Full CPU inference on DDR5-4800 dual-channel systems can manage 1 to 3 tokens per second for a 7B Q4_K_M model. Apple Silicon unified memory avoids the PCIe bottleneck entirely, making partial offload patterns less penalizing on M-series chips. A 34B Q4_K_M model at 4096 context on an M4 Max with 128 GB unified memory achieves 10+ tokens per second thanks to the ~400 GB/s memory bandwidth.

VRAM Consumption Breakdown by Model Size and Quantization (24 GB GPU)

Model	Q8_0	Q6_K	Q5_K_M	Q4_K_M	Q3_K_S
7B	~7.7 GB / ~35 t/s	~5.8 GB / ~42 t/s	~5.1 GB / ~45 t/s	~4.4 GB / ~48 t/s	~3.7 GB / ~44 t/s
13B	~14.3 GB / ~20 t/s	~10.8 GB / ~25 t/s	~9.5 GB / ~27 t/s	~8.2 GB / ~29 t/s	~6.9 GB / ~26 t/s
34B	~37.4 GB / CPU*	~28.2 GB / CPU*	~24.8 GB / partial	~21.8 GB / ~12 t/s	~18.0 GB / ~11 t/s
70B	~77.0 GB / CPU*	~58.1 GB / CPU*	~51.1 GB / CPU*	~44.8 GB / CPU*	~37.1 GB / CPU*

*Requires partial or full CPU offload on 24 GB. Tokens/sec estimates assume single-request inference on an RTX 4090 or comparable 24 GB GPU. Weight-only estimates; add 0.5 to 2.0 GB for KV cache and overhead depending on context length.

Strategy 1: Concurrent Loading with VRAM Budgeting

When to Use Concurrent Loading

Two or more models must serve requests with sub-second switching. A typical scenario: a 7B coding assistant handles inline completions while a small embedding model (under 1 GB) processes document chunks for RAG indexing. Both need to be resident in VRAM. The constraint is hard: every model must physically fit in VRAM at the same time, including KV cache for their expected concurrent request load.

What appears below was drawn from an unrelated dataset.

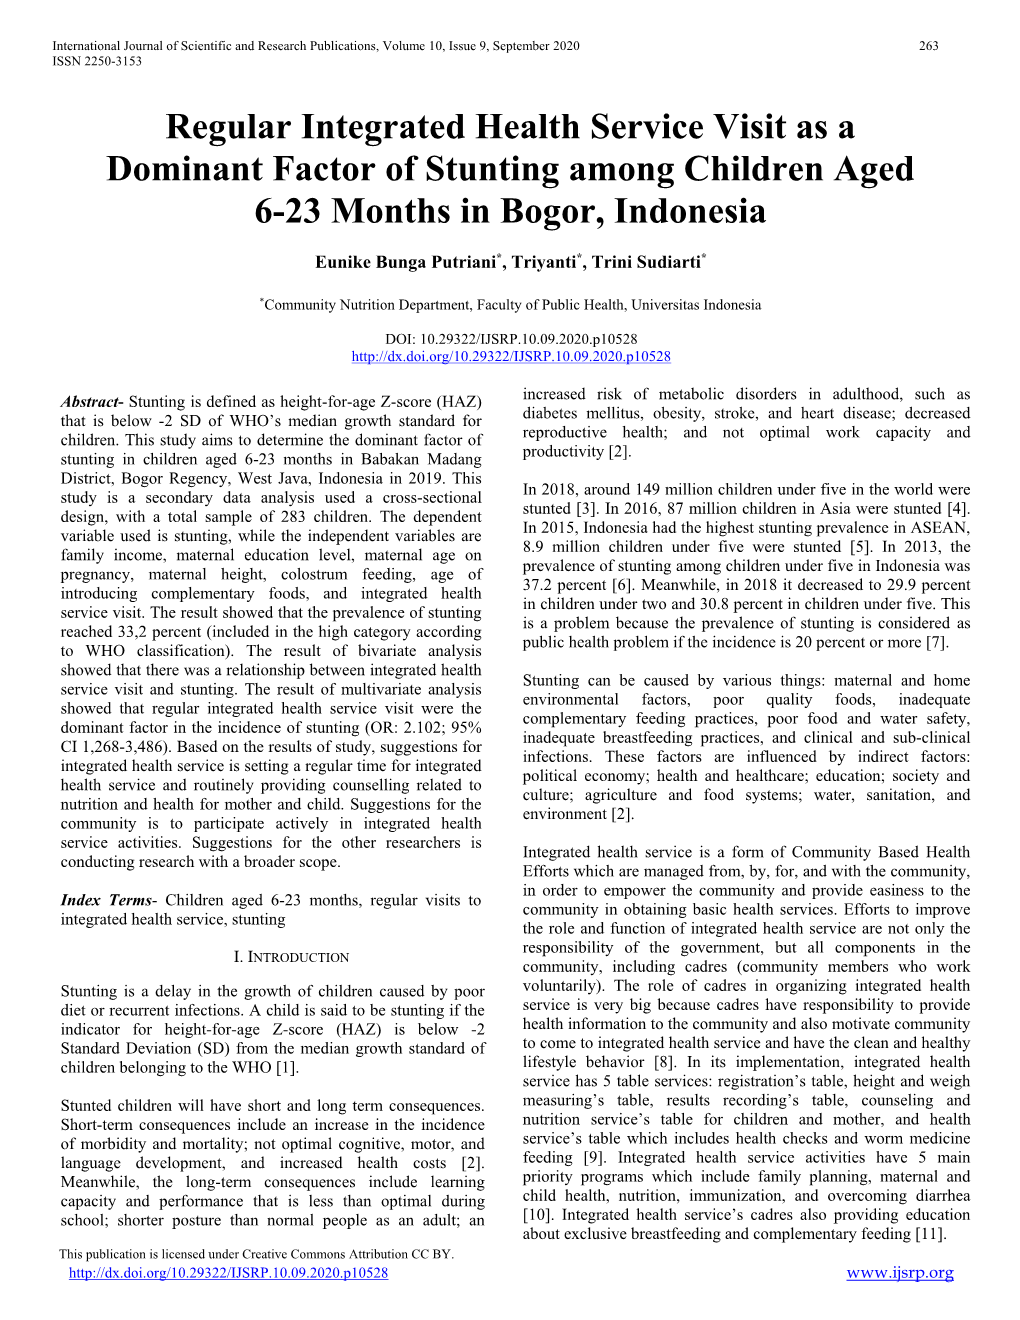 Regular Integrated Health Service Visit As a Dominant Factor of Stunting Among Children Aged 6-23 Months in Bogor, Indonesia

Configuring Ollama for Multiple Resident Models

Ollama exposes two environment variables for concurrent serving. OLLAMA_MAX_LOADED_MODELS controls how many models remain in VRAM simultaneously (default is 1; verify against your Ollama version's release notes, as behavior changed between 0.1.x and 0.3.x). OLLAMA_NUM_PARALLEL sets the number of concurrent requests per model (default is 1 in most Ollama versions; check ollama --help or release notes for your version), which directly affects KV cache allocation. Increasing OLLAMA_NUM_PARALLEL multiplies KV cache memory by the parallelism factor.

Set the num_gpu parameter in a Modelfile to control per-model VRAM allocation. This parameter specifies how many layers to offload to GPU, letting you manually partition VRAM between models by giving each a calculated number of GPU layers.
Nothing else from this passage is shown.